Trends in DNN Model based Classification and Segmentation of Brain Tumor Detection
Pooja Kataria1, Ayush Dogra2, 3, Mili Gupta4, Tripti Sharma1, *, Bhawna Goyal1, *
Identifiers and Pagination:Year: 2023
E-location ID: e187444002303060
Publisher ID: e187444002303060
Article History:Received Date: 06/09/2022
Revision Received Date: 08/02/2023
Acceptance Date: 22/02/2023
Electronic publication date: 06/04/2023
Collection year: 2023
open-access license: This is an open access article distributed under the terms of the Creative Commons Attribution 4.0 International Public License (CC-BY 4.0), a copy of which is available at: https://creativecommons.org/licenses/by/4.0/legalcode. This license permits unrestricted use, distribution, and reproduction in any medium, provided the original author and source are credited.
Due to the complexities of scrutinizing and diagnosing brain tumors from MR images, brain tumor analysis has become one of the most indispensable concerns. Characterizing a brain tumor before any treatment, such as radiotherapy, requires decisive treatment planning and accurate implementation. As a result, early detection of brain tumors is imperative for better clinical outcomes and subsequent patient survival. Brain tumor segmentation is a crucial task in medical image analysis. Because of tumor heterogeneity and varied intensity patterns, manual segmentation takes a long time, limiting the use of accurate quantitative interventions in clinical practice. Automated computer-based brain tumor image processing has become more valuable with technological advancements. With various imaging and statistical analysis tools, deep learning algorithms offer a viable option to enable health care practitioners to rule out the disease and estimate the population growth.

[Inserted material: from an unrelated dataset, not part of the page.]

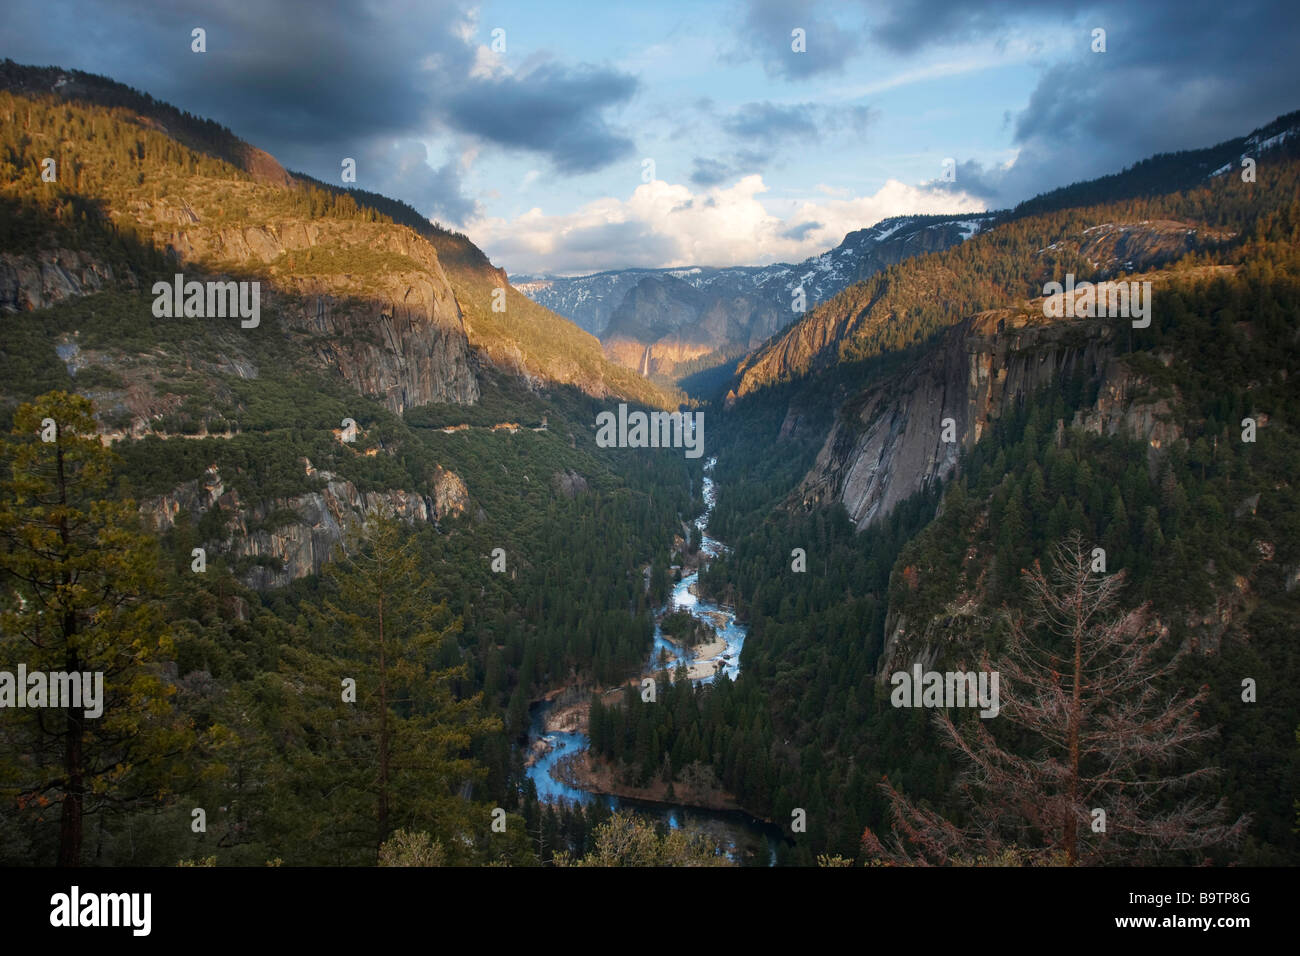 Vista del valle de Yosemite desde el Big Oak Flat Road, el Parque Nacional Yosemite, California, EE.UU. Foto de stock

This article presents a comprehensive evaluation of conventional machine learning models and evolving deep learning techniques for brain tumor segmentation and classification.

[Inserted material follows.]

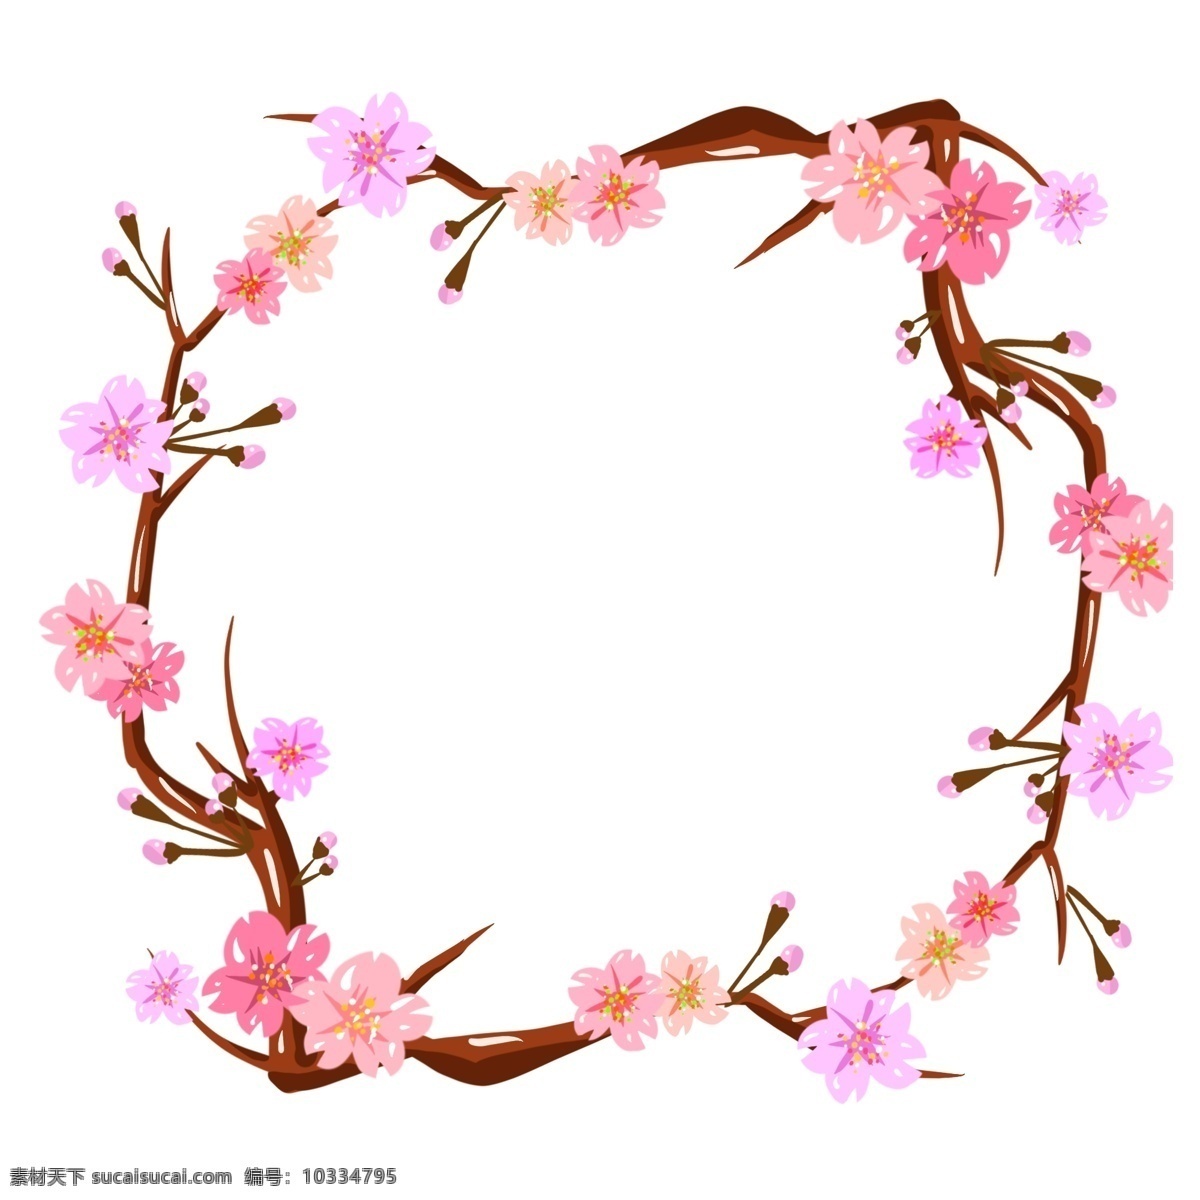 日本 樱花 装饰 花环 樱花装饰 花环边框 树枝边框 植物 粉色 红花 花枝 装饰边框 春光

In this manuscript, a hierarchical review has been presented for brain tumor segmentation and detection. It is found that the segmentation methods hold a wide margin of improvement in the context of the implementation of adaptive thresholding and segmentation methods, the feature training and mapping require redundancy correction, the input data training needs to be more exhaustive, and the detection algorithms are required to be robust in terms of handling online input data analysis/tumor detection and cancers.